Greatest Catchers: A Composite Ranking Methodology

This article was written by Chuck Rosciam

This article was published in Summer 2009 Baseball Research Journal


Who is the greatest catcher to have ever played in the major leagues? Some might say it is Yogi Berra or Johnny Bench or Roy Campanella. The answer depends on what one uses as a measure of greatness.

There have been numerous measures used or proposed 1 and numerous lists 2 ranking the great backstops. All of these measures have merit. All have their proponents and their opponents. From my perspective, the greatest catcher is a player who excels on offense and defense far better than his contemporaries and better than all other backstops relative to their contemporaries. So, the task is to find a measure that encompasses these qualities with some objective and quantifiable scale.

A study was undertaken not to invent a new statistic but rather to merge the majority of the existing measures of performance—both offensive and defensive—into one composite value that would answer the question.

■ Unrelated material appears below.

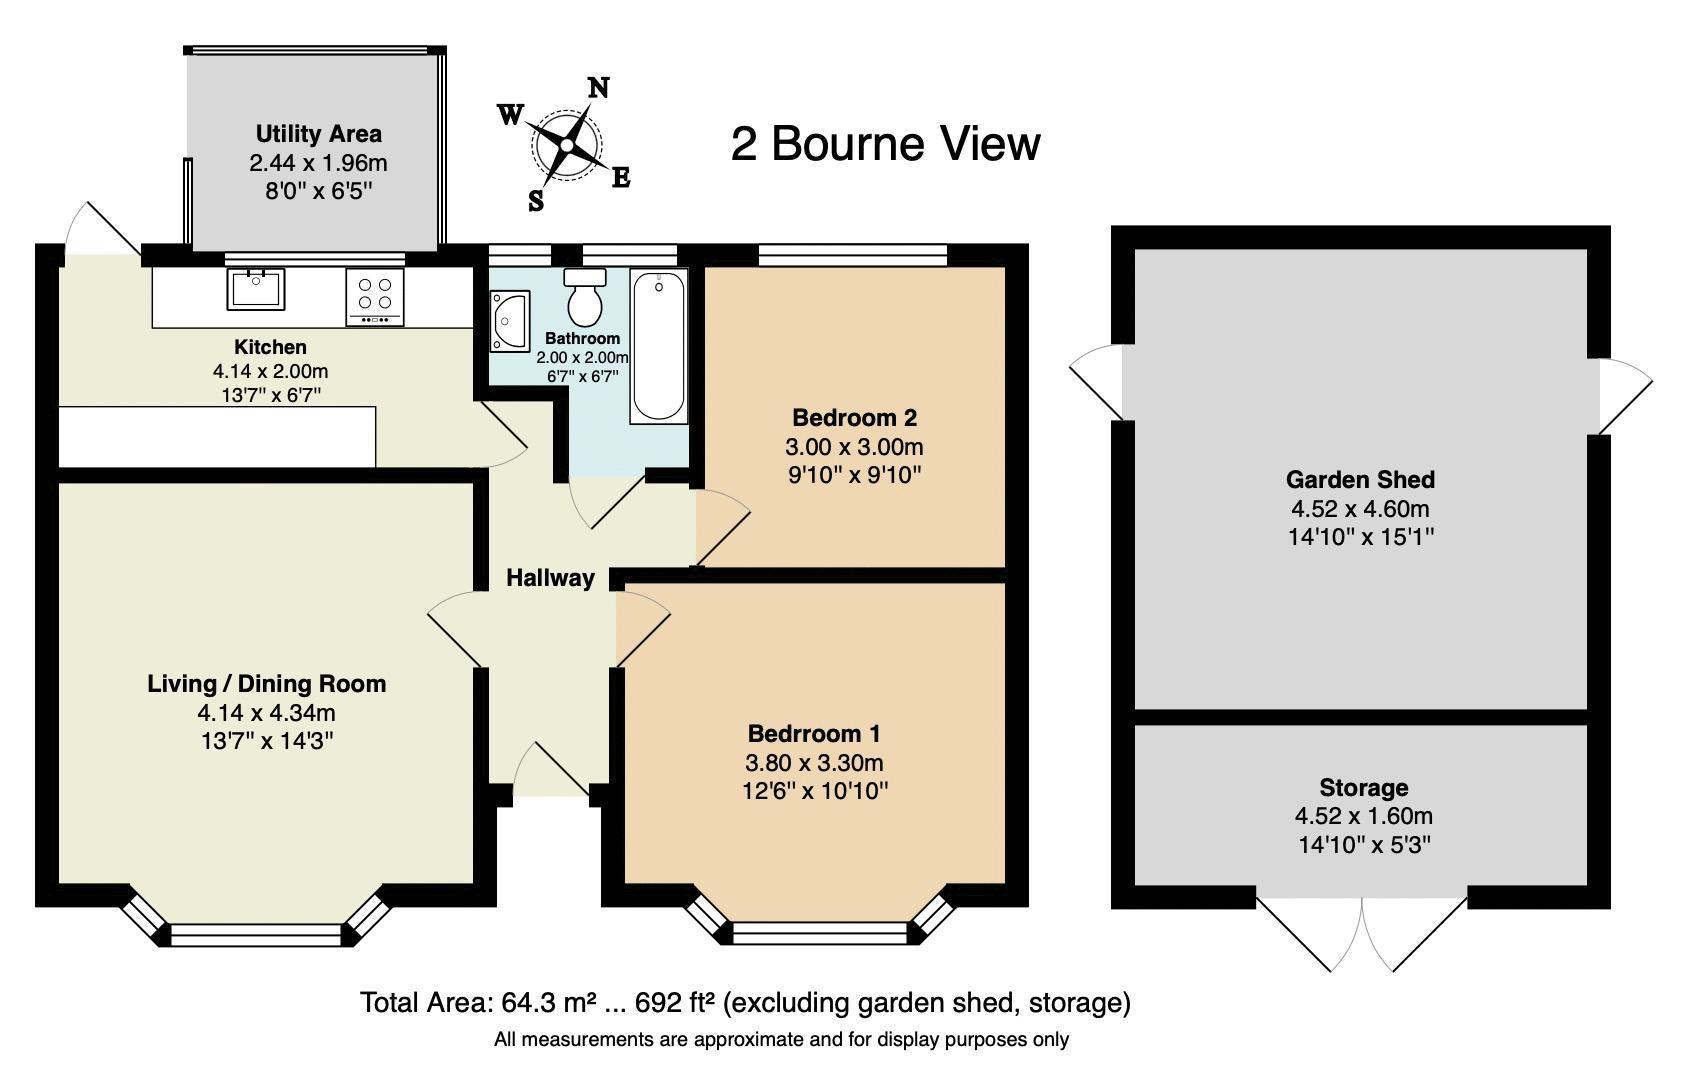 Bourne View

Since 1876, there have been 1,693 players whose career position was as a catcher.3 Additionally, there have been 429 other players who have caught in one or more games, such as Cap Anson (105 games caught) and Jimmie Foxx (108). Out of these 2,122 players, how does one narrow down the list to a select group of the greatest catchers? I chose 800 (or more) games caught in a career (and games caught >50 percent of games played) as the criterion. That translates, on average, into a rough minimum of ten years catching half of one’s team’s games (10 x 80). It should be noted that the average number of games behind the plate each season for starting catchers is about 100 (99.7 for 1904–60 and 108.6 after 1960). So it would take roughly eight years as a starter to qualify. Furthermore, there have been only 980 catchers (out of the 1,693) with three or more years of major-league catching service who have averaged about 55.1 games per season.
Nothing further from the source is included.